Déforestation : le Groupe Casino mis en cause au Brésil et en Colombie
Les images de l’Amazonie en flammes, en août 2019, ont ému le monde entier. L’histoire de cet écosystème unique sacrifié au profit d’intérêts fonciers a beau se dérouler outre-Atlantique, elle est reliée à un groupe français de la grande distribution, Casino, selon le rapport d’Envol vert qui doit être publié mardi 30 juin. Cette association française est allée épauler des organisations d’Amérique du Sud, entre autres des journalistes et des chercheurs du collectif Reporter Brasil, qui ont enquêté sur place pendant un an.
Bois, soja, cacao, huile de palme constituent les principales causes de la déforestation galopante sur la planète. Au Brésil, qui en est le champion du monde, c’est le bœuf, élevé principalement pour sa viande, qui en est le premier responsable. L’Institut national de recherches spatiales (INPE) constate que l’Amazonie a perdu 10 123 kilomètres carrés en 2019, 44 % de plus qu’en 2018, et la dévastation s’accélère en 2020. La destruction des savanes du Cerrado va bon train aussi.
Dans ces deux hauts lieux de la biodiversité planétaire, les feux de forêt, dont la saison démarre ces jours-ci, ont augmenté de 71 % en 2019 par rapport à l’année précédente. Une fois les bois de valeur exploités, les troupeaux gagnent ainsi de nouvelles pâtures, qu’ils occupent de manière particulièrement extensive : 1,31 tête à l’hectare (ha) en moyenne au Brésil, 0,6 en Colombie. Leur expansion est spectaculaire en Colombie, depuis la signature de la paix avec les Forces armées révolutionnaires de Colombie (FARC) en 2016,et au Brésil, deuxième exportateur mondial, qui comptait 158 millions de bêtes en 1994, 214 millions aujourd’hui.

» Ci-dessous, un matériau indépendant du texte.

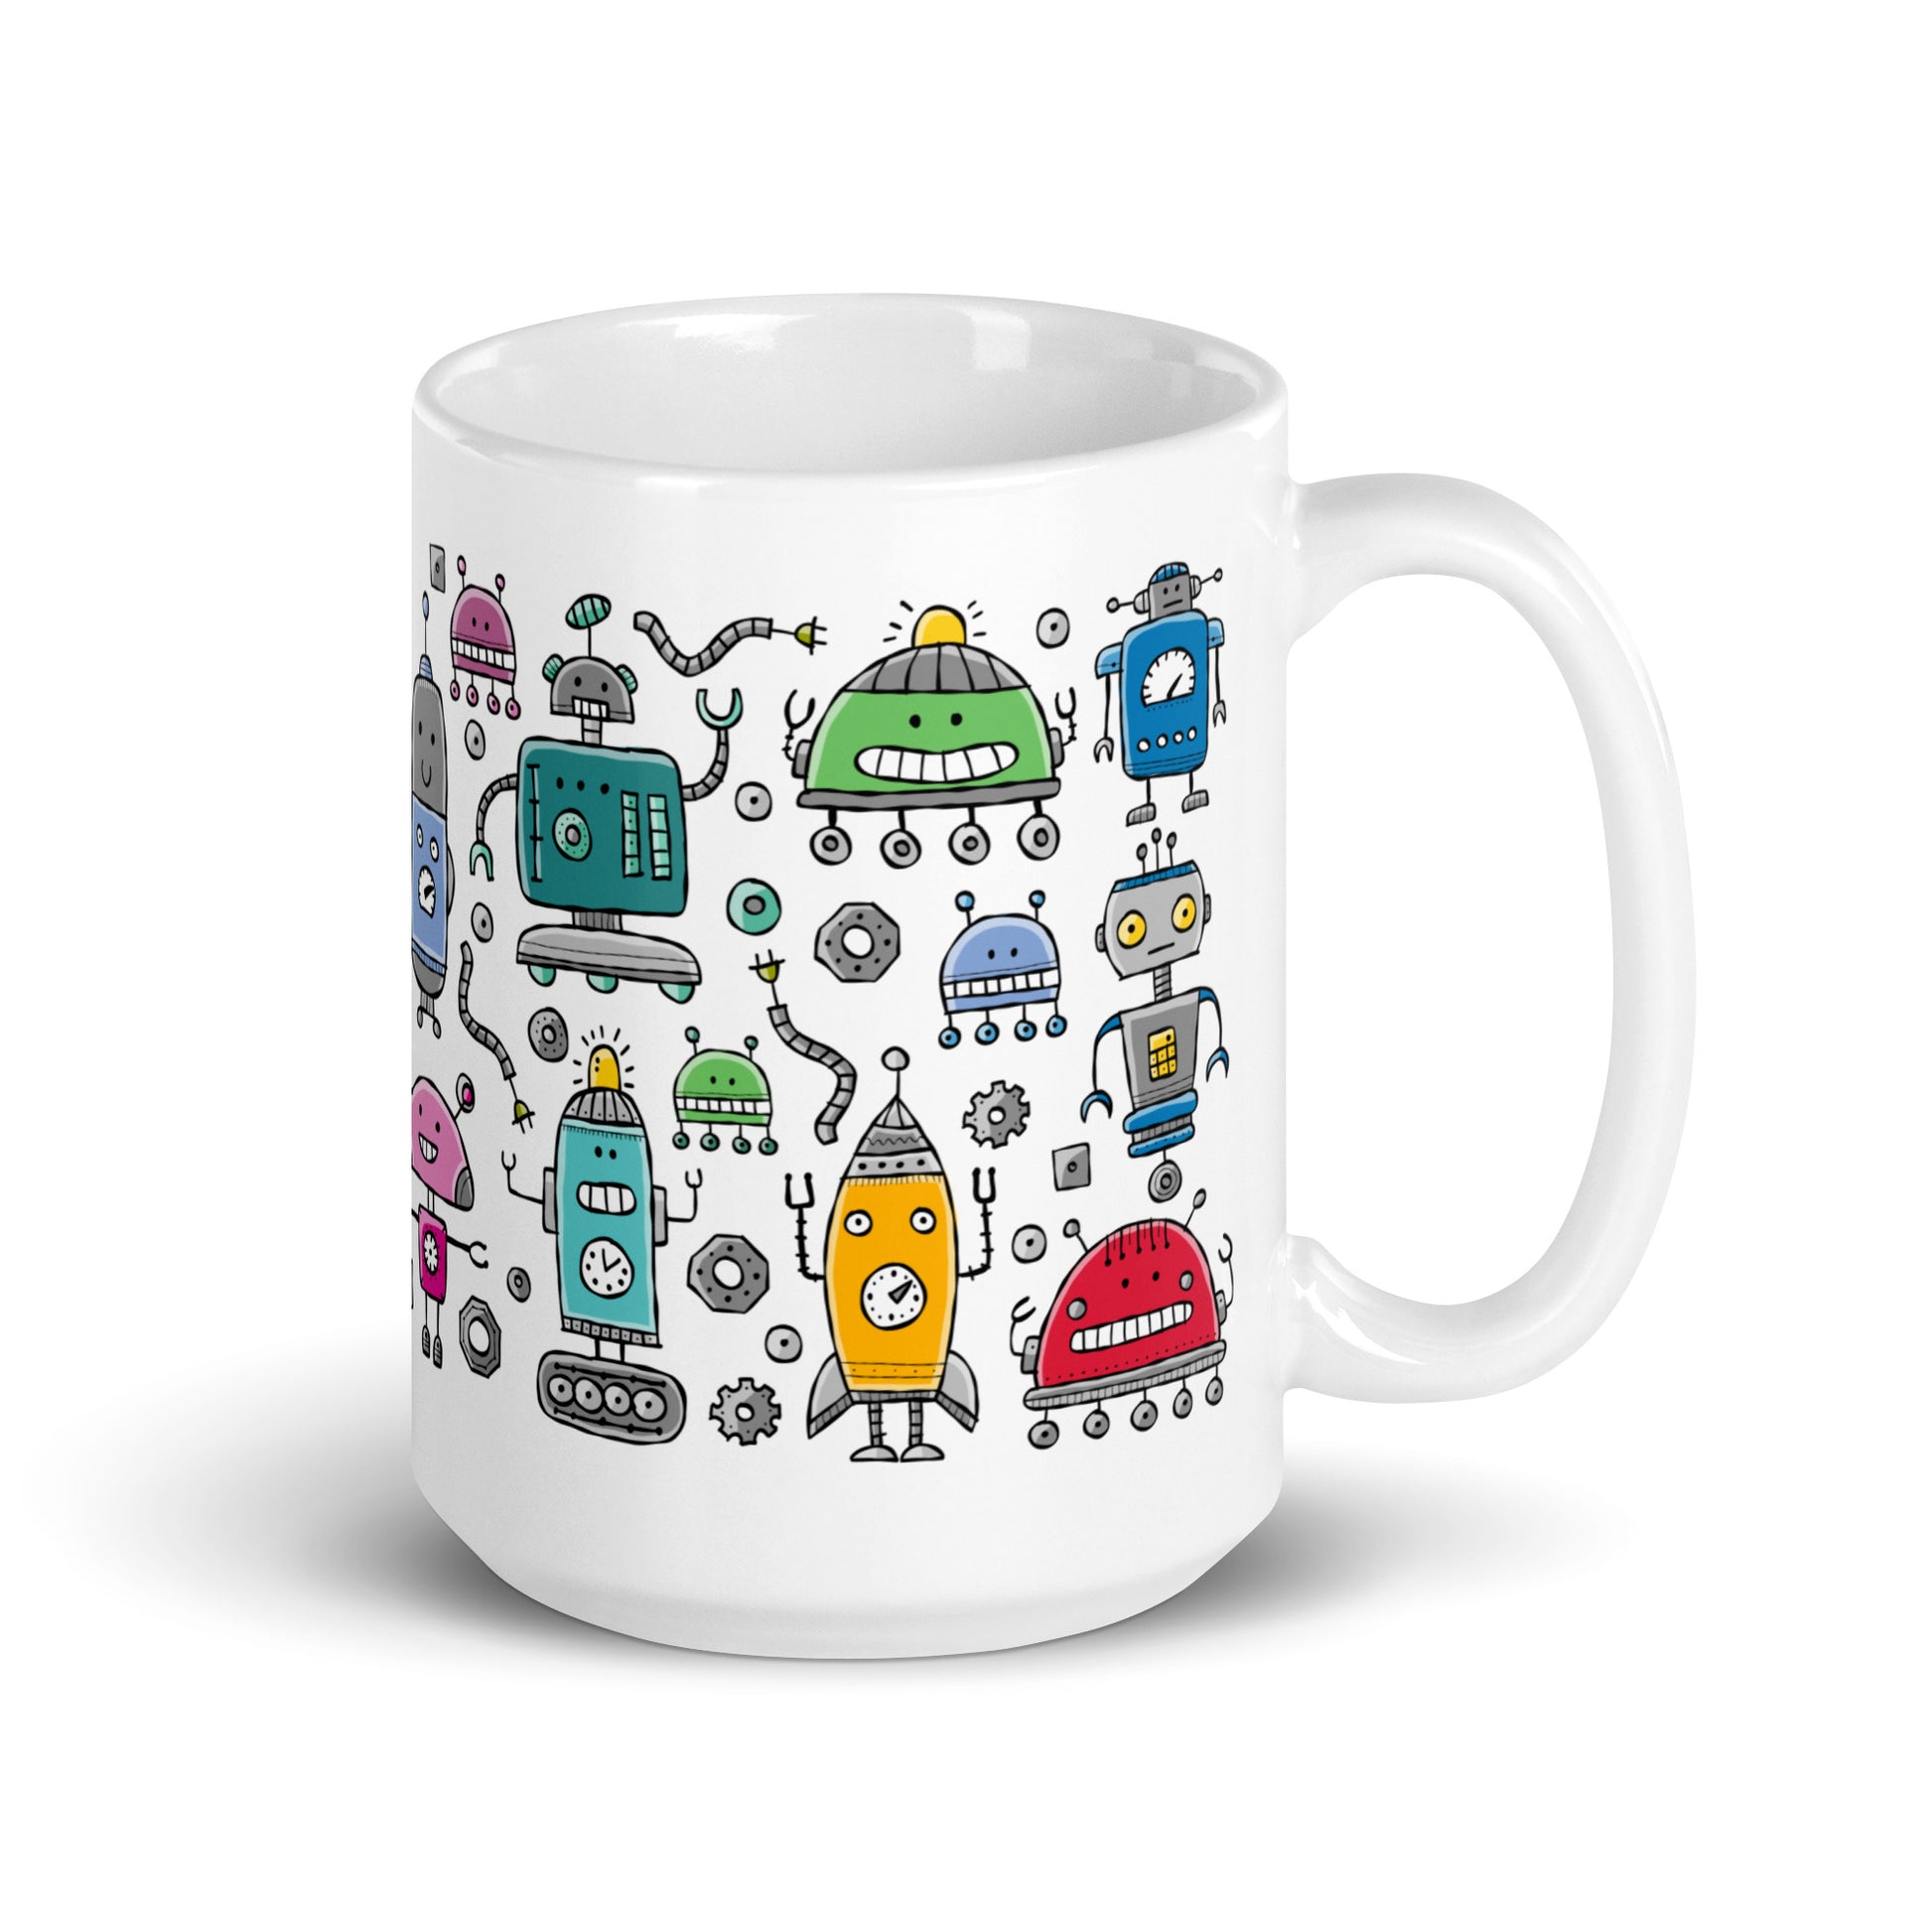 A white ceramic 15oz mug with a collection of colorful and comical robots, perfect for adding joy and laughter to your morning routine

43 % du marché colombien« Ce système d’élevage constitue en fait un héritage de la colonisation : il s’agit d’occuper le plus d’espace possible pour affirmer ensuite que cette parcelle d’Amazonie est à soi, analyse Boris Patentreger, membre d’Envol vert, qui a coordonné l’enquête sur place. C’est une forme de spéculation foncière puisqu’on peut la revendre ensuite un bon prix. » Et la grande distribution y aurait une part de responsabilité en raison de son peu d’empressement à améliorer la traçabilité de son approvisionnement, en particulier en Colombie, souligne le rapport.
Or Casino est bien présent dans les deux pays, où la consommation nationale de bœuf est importante. Le groupe occupe 15 % du marché au Brésil, avec sa filiale Grupo Pao Açucar (GPA) et ses enseignes Assai et Extra ; 43 % en Colombie, avec Exito. Il y réalise 47 % de son chiffre d’affaires global. En France, la société, elle-même détenue par Rallye, est propriétaire d’une série d’enseignes comme Monoprix, Franprix, Leader Price, Spar, mais aussi de Naturalia, et met en avant une image de distributeur responsable. Envol vert et ses partenaires reprochent d’autant plus au distributeur ses lacunes dans le contrôle de l’origine des bœufs.